2. The nested loop controller according to claim 1, wherein: The initial second value is equal to zero; The second value increments in response to the tick command; and The second threshold is equal to the inner loop count value minus one.
3. The nested loop controller according to claim 1, wherein: The initial second value is equal to the inner loop count value minus one; The second value decreases in response to the tick command; and The second threshold is equal to zero.
4. The nested loop controller of claim 1, wherein the first value is advanced in response to the second value reaching the second threshold.
5. The nested loop controller of claim 4, wherein the second value stops being reset in response to the first value reaching a first threshold.
6. The nested loop controller of claim 4, wherein the comparator is further configured to provide an inner loop indicator as input to the assertion FIFO when the second value is equal to the second threshold and the first value is equal to the first threshold.
7. The nested loop controller of claim 4, further comprising a fourth register configured to be initialized to a fourth value, wherein the fourth value is advanced in response to a tick instruction once the first value reaches a first threshold.
8. The nested loop controller of claim 1, wherein the first, second and / or third registers comprise control registers of a digital signal processor.
9. A method for nested loop control, comprising: Initialize the first register, which has an associated first value, to the initial first value; Initialize the second register, which has an associated second value, to the initial second value; The third register with the associated third value is initialized to the initial third value, wherein the third register is configured to assert a first-in-first-out (FIFO) buffer; During loop execution, the second value is advanced in response to a tick instruction with no unit; In response to the second value reaching the second threshold, the second register is reset to the initial second value; When the second value equals the second threshold, an outer loop indicator value is provided as input to the assertion FIFO; When the second value is not equal to the second threshold, an inner loop indicator value is provided as input to the assertion FIFO; and The assertion FIFO is used to store the outer loop indicator value and the inner loop indicator value, and outputs the outer loop indicator value and the inner loop indicator value in a first-in-first-out order, so as to control the execution of nested loop assertion instructions in the pipeline.
10. The method of claim 9, wherein the initial second value is equal to zero, and the second threshold is equal to the inner loop count value minus one, the method further comprising incrementing the second value in response to the tick instruction.
11. The method of claim 9, wherein the initial second value is equal to the inner loop count value minus one, and the second threshold is equal to zero, the method further comprising decrementing the second value in response to the tick instruction.
12. The method of claim 9, further comprising causing the first value to advance in response to the second value reaching the second threshold.

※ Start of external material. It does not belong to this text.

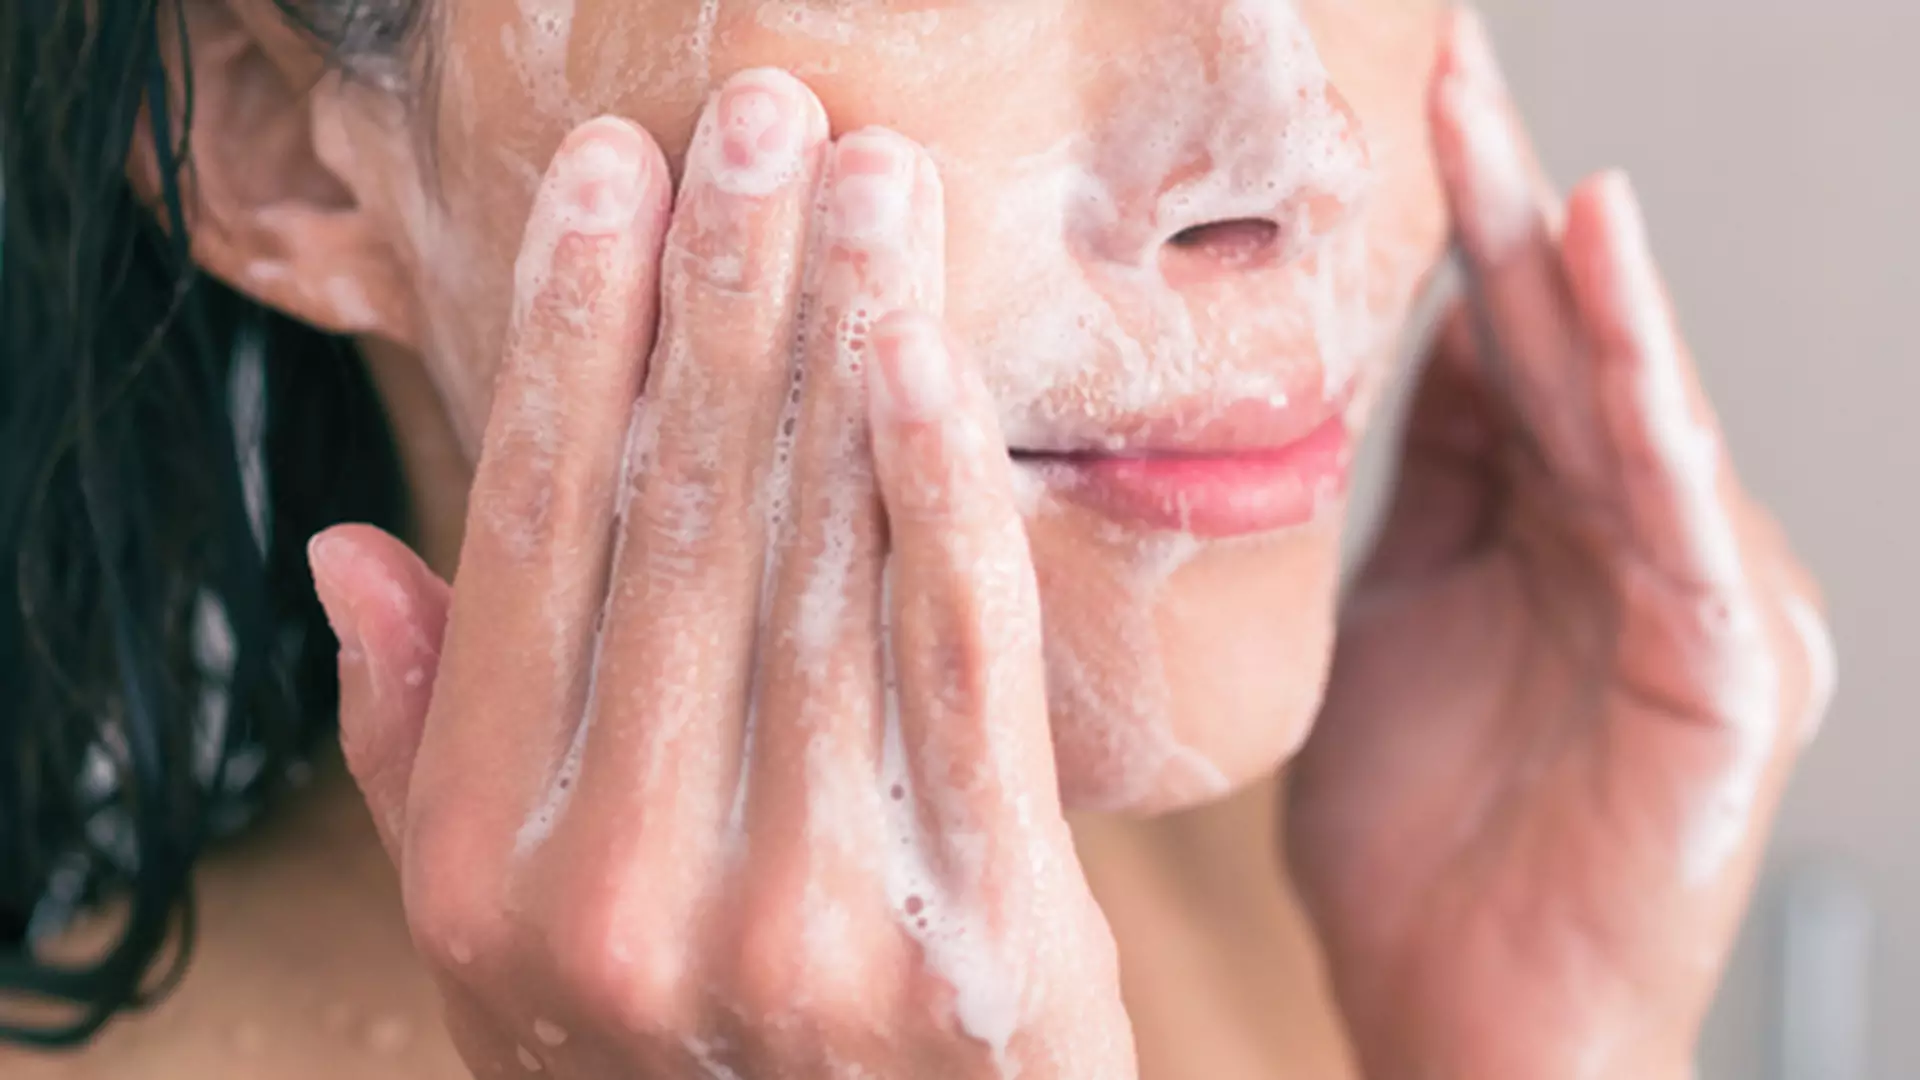 Myjesz twarz podczas kąpieli? Uważaj na te błędy

13. The method of claim 12, further comprising stopping the resetting of the second value in response to the first value reaching a first threshold.
14. The method of claim 12, further comprising: When the second value equals the second threshold and the first value equals the first threshold, an inner loop indicator value is provided as input to the assertion FIFO.
15. The method of claim 12, further comprising: Initialize the fourth register with the associated fourth value to the initial fourth value; Once the first value reaches the first threshold, the fourth value is advanced in response to a tick instruction.
16. The method of claim 9, wherein the first, second and / or third registers comprise control registers of a digital signal processor.